In still another embodiment, the present invention includes an electronic system (e.g., personal digital assistant) having a processor, a bus and a memory unit, which performs a method of receiving a requested data packet. The method includes the step of an application of an application software layer generating data packet requests and selectively canceling a first data request for a first data packet. Additionally, the method includes the step of assigning a first port of a port layer to the first data request and subsequently canceling the first port assignment responsive to the first data request being canceled. Furthermore, the method includes the step of receiving the first data packet and forwarding the first data packet to a UDP layer. It should be appreciated that the previous step is performed by a transport layer and an IP layer communicatively coupled together. The method also includes the step of the UDP layer dumping the first data packet to a no-port designation in response to receiving the first data packet while the first port is canceled. In response to the previous step, the UDP layer updates a communication statistic. Additionally, the method includes the step of the application bypassing the port layer to directly access the communication statistic within the UDP layer and, based thereon, preventing improper time-out of a second data request that was issued subsequently to the first data request.

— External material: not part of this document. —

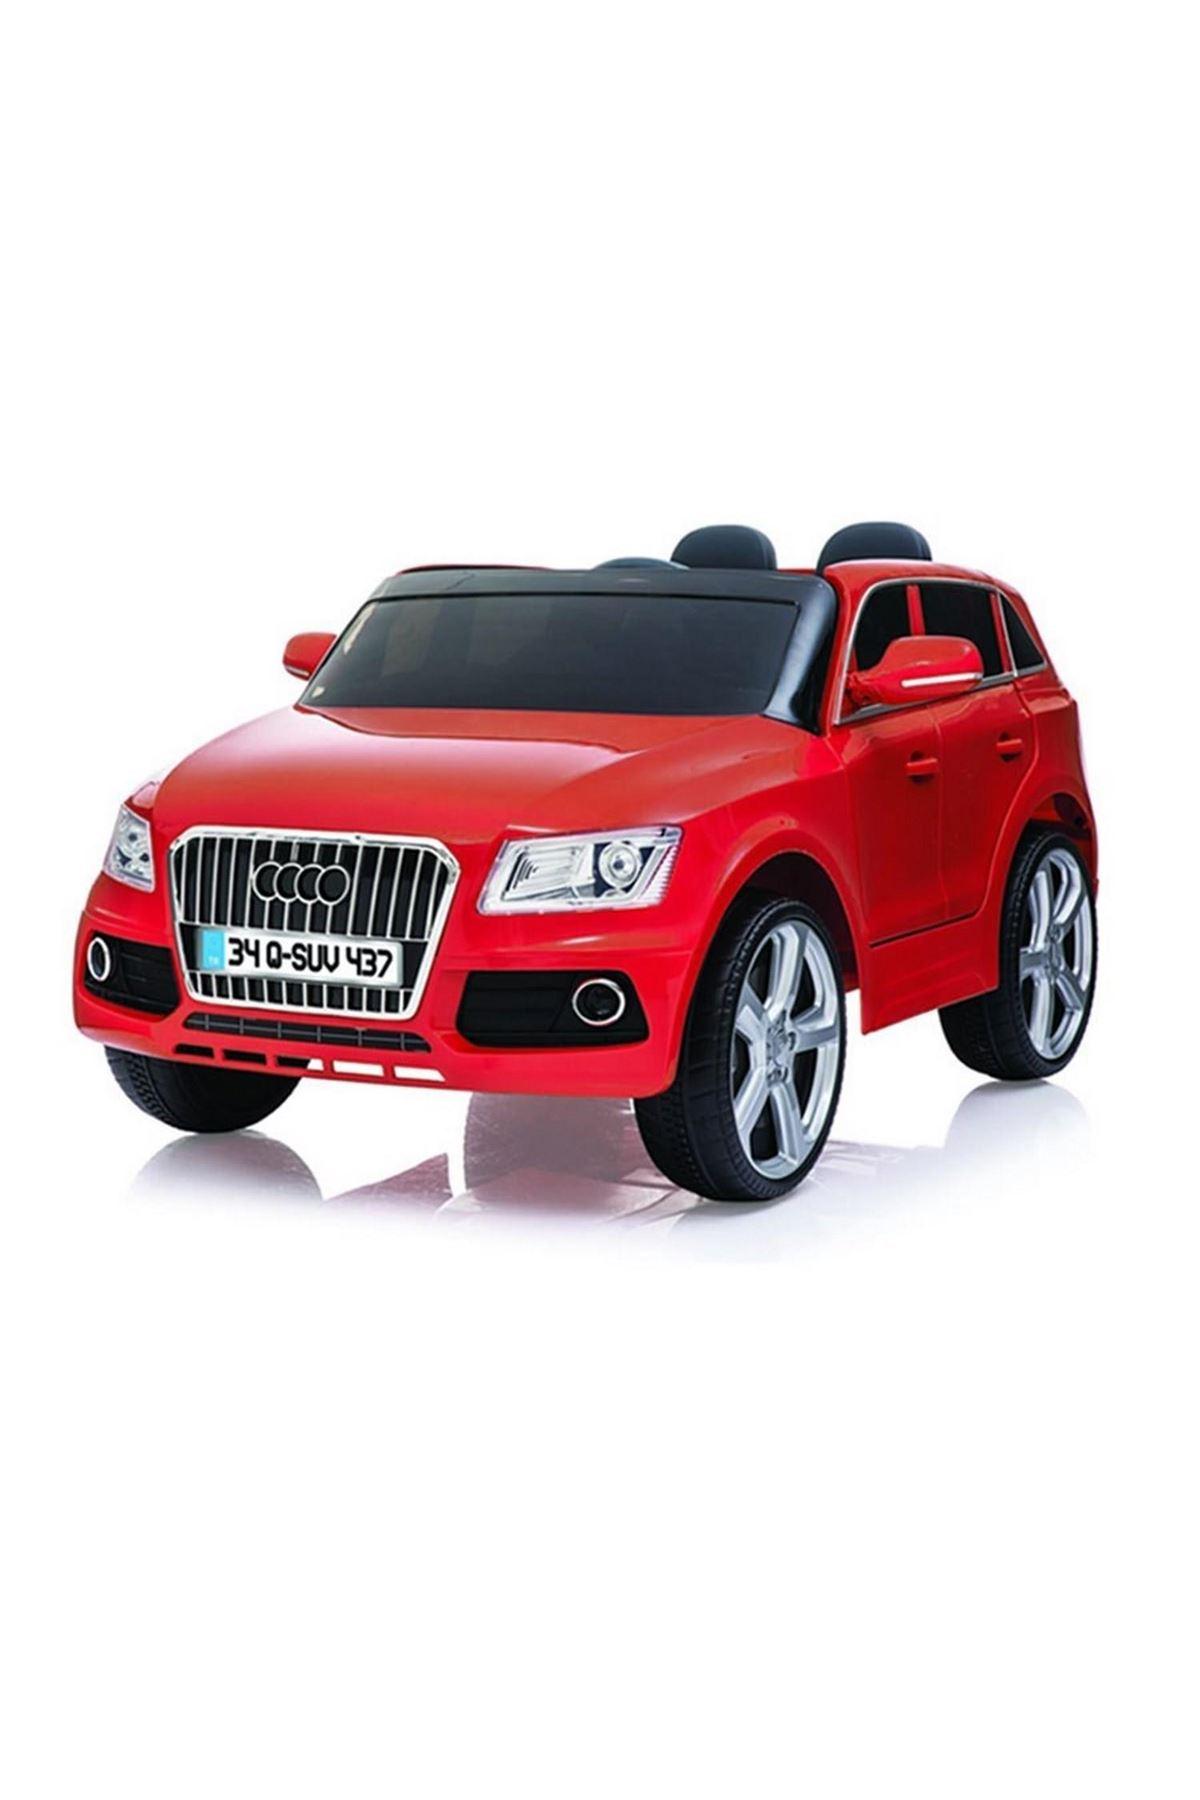 Babyhope Q-Suv Uzaktan Kumandalı Akülü Araba 12V 437 Kırmızı

In yet another embodiment, the present invention includes an electronic system (e.g., personal digital assistant) having a processor, a bus and a memory unit. The electronic system further includes an application software layer comprising an application for generating data packet requests and for selectively canceling a first data request for a first data packet. Moreover, the electronic system includes a port layer comprising a plurality of ports each for selective assignment to and communication with the application. Additionally, the electronic system includes a UDP layer coupled to communicate data packets to the port layer. It is appreciated that the UDP layer reserves a space within the memory unit for storage of communication statistics and wherein the application is also for bypassing the port layer to directly access the communication statistics. The electronic system also includes an IP layer coupled to communicate data packets to the UDP layer. Furthermore, the electronic system includes a transport layer coupled to receive data packets and communicate the data packets to the IP layer.
These and other advantages of the present invention will no doubt become obvious to those of ordinary skill in the art after having read the following detailed description of the preferred embodiments which are illustrated in the drawing figures.